◆ Provided data ◆
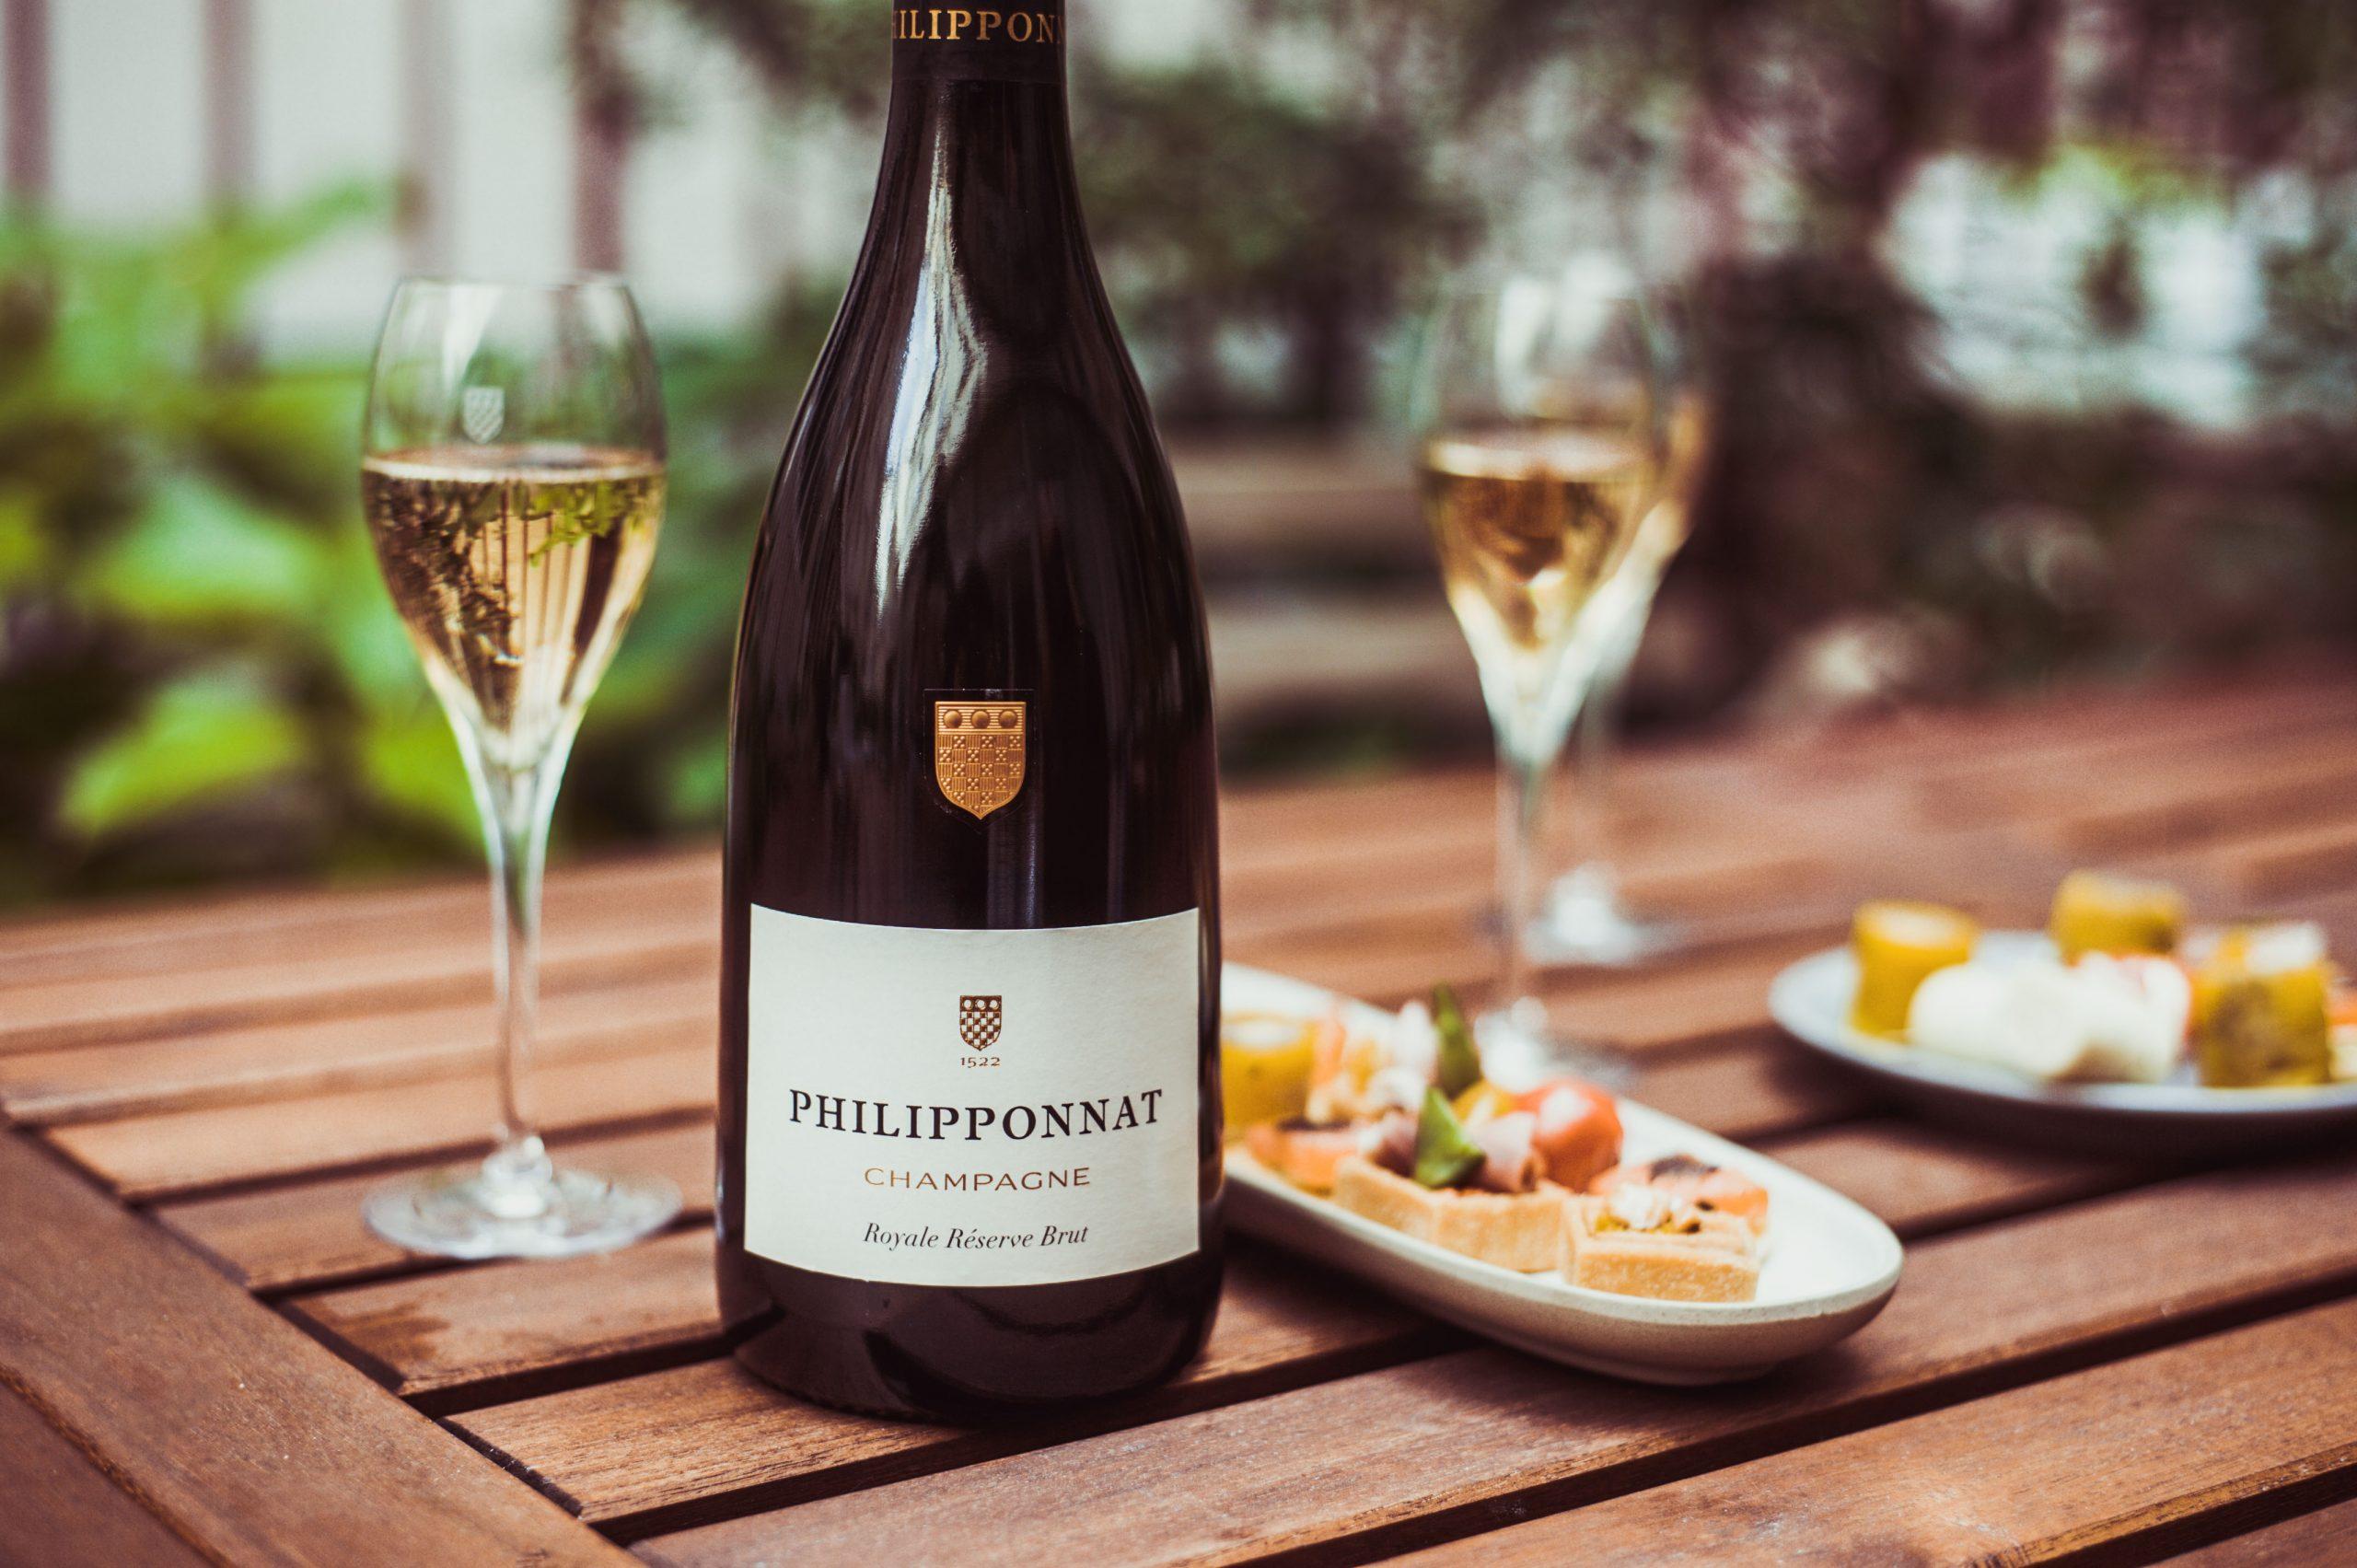 Royale Réserve Brut - Champagne Philipponnat
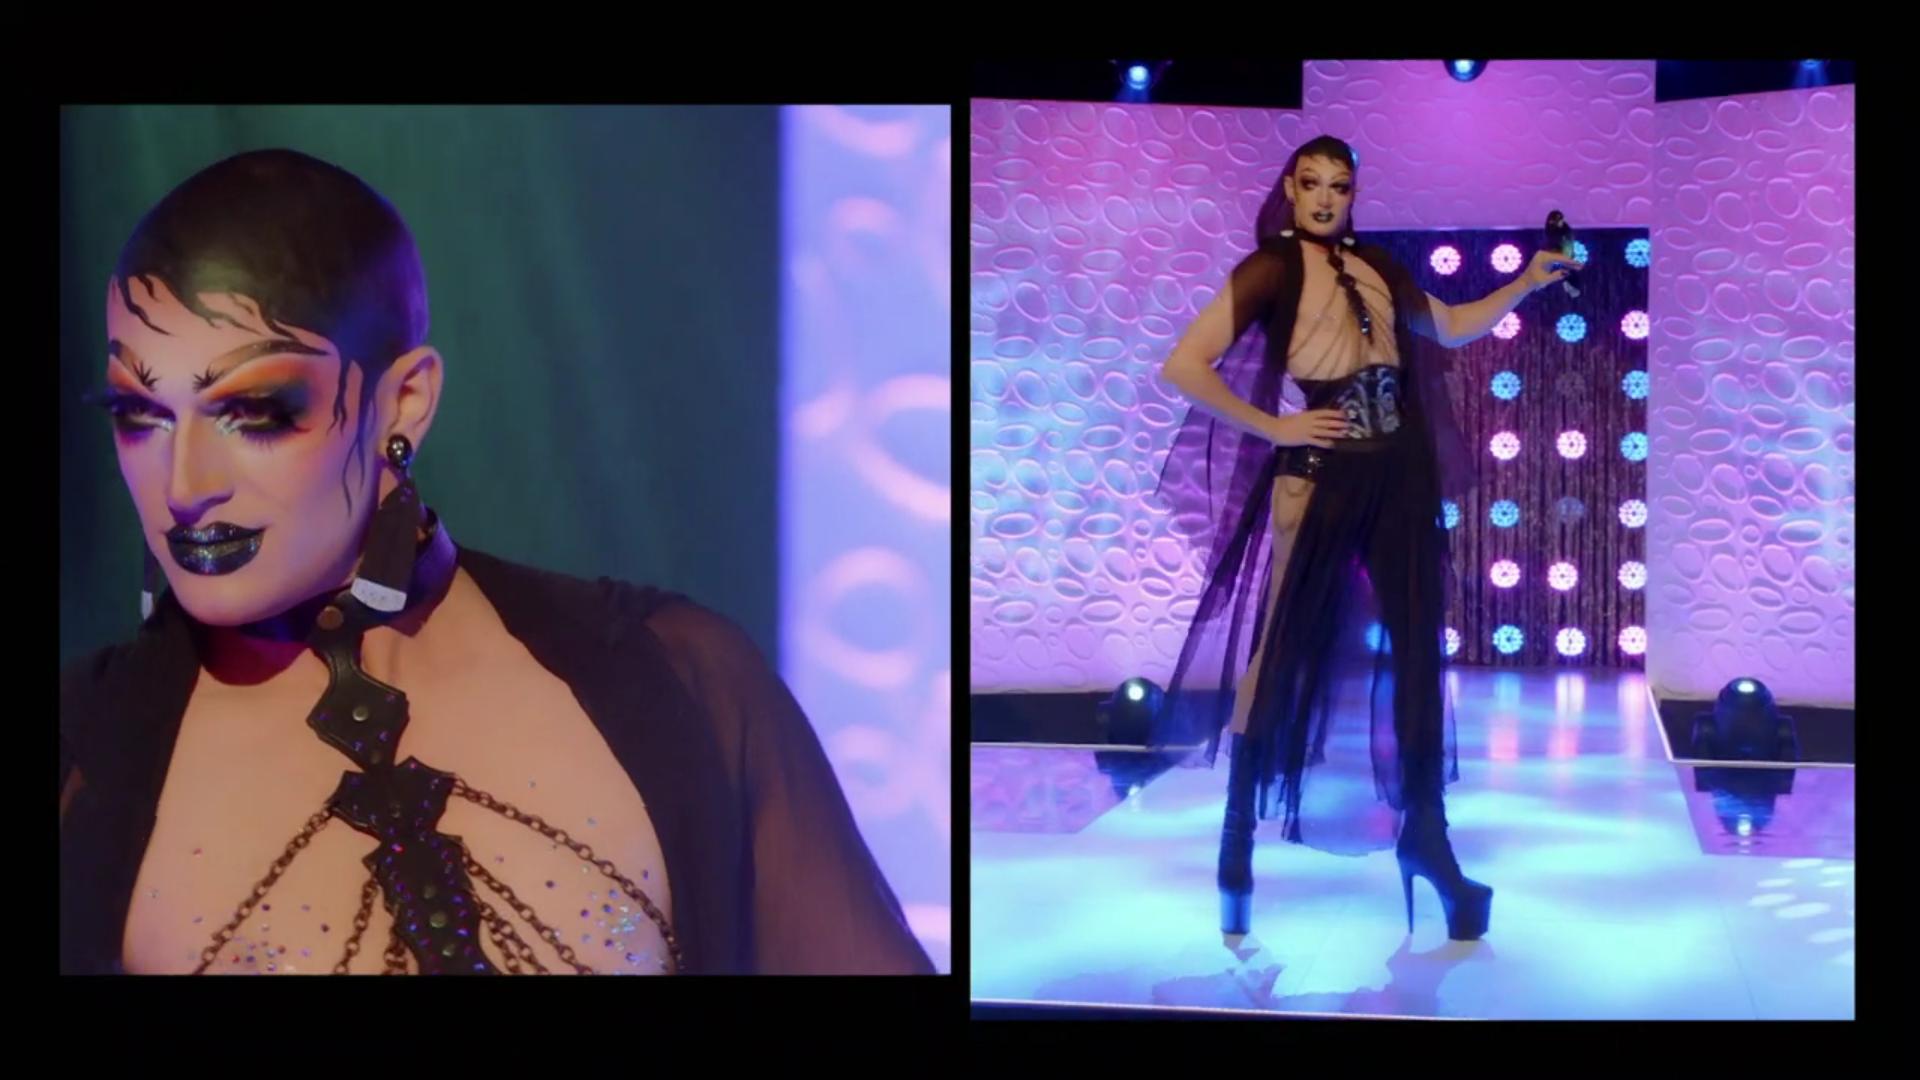 Cena do reality Drag Race Down Under. Na imagem vemos duas fotos da competidora Elektra Shock enquanto ela desfila na passarela. Ela veste uma roupa preta de tecidos de tule caídos e tem o peito a mostra. Sua cabeça careca foi pintada de forma a parecer uma peruca preta. Ela usa salto agulha.
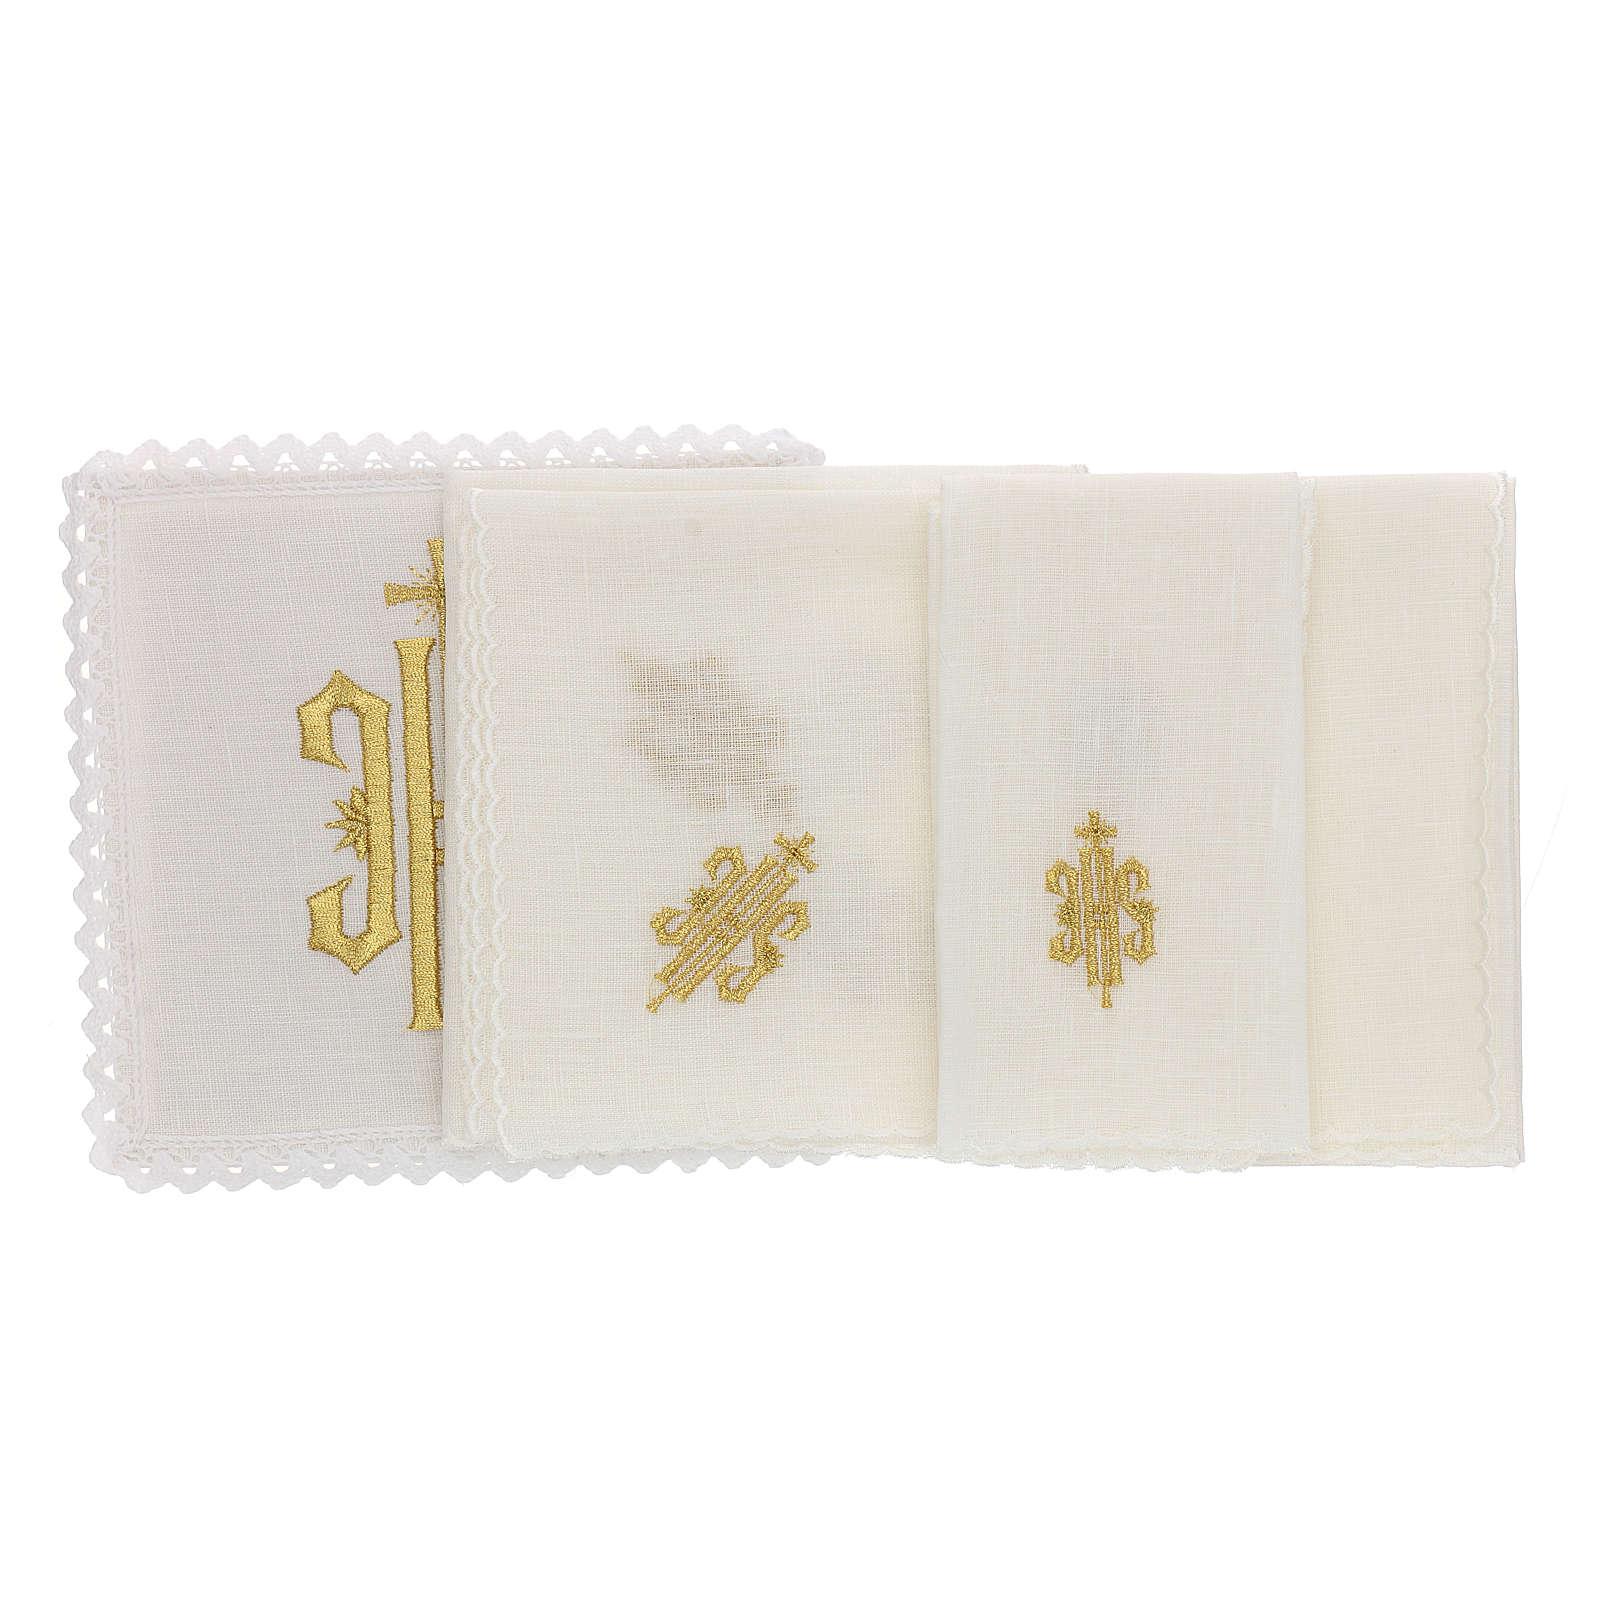 Servicio de altar hilo símbolo JHS bordado oro 4

◆ Task goal ◆
When you retype the material above, copy each line exactly and drop whatever images appear in it.

◆ Response ◆
 Royale Réserve Brut - Champagne Philipponnat
 Cena do reality Drag Race Down Under. Na imagem vemos duas fotos da competidora Elektra Shock enquanto ela desfila na passarela. Ela veste uma roupa preta de tecidos de tule caídos e tem o peito a mostra. Sua cabeça careca foi pintada de forma a parecer uma peruca preta. Ela usa salto agulha.
 Servicio de altar hilo símbolo JHS bordado oro 4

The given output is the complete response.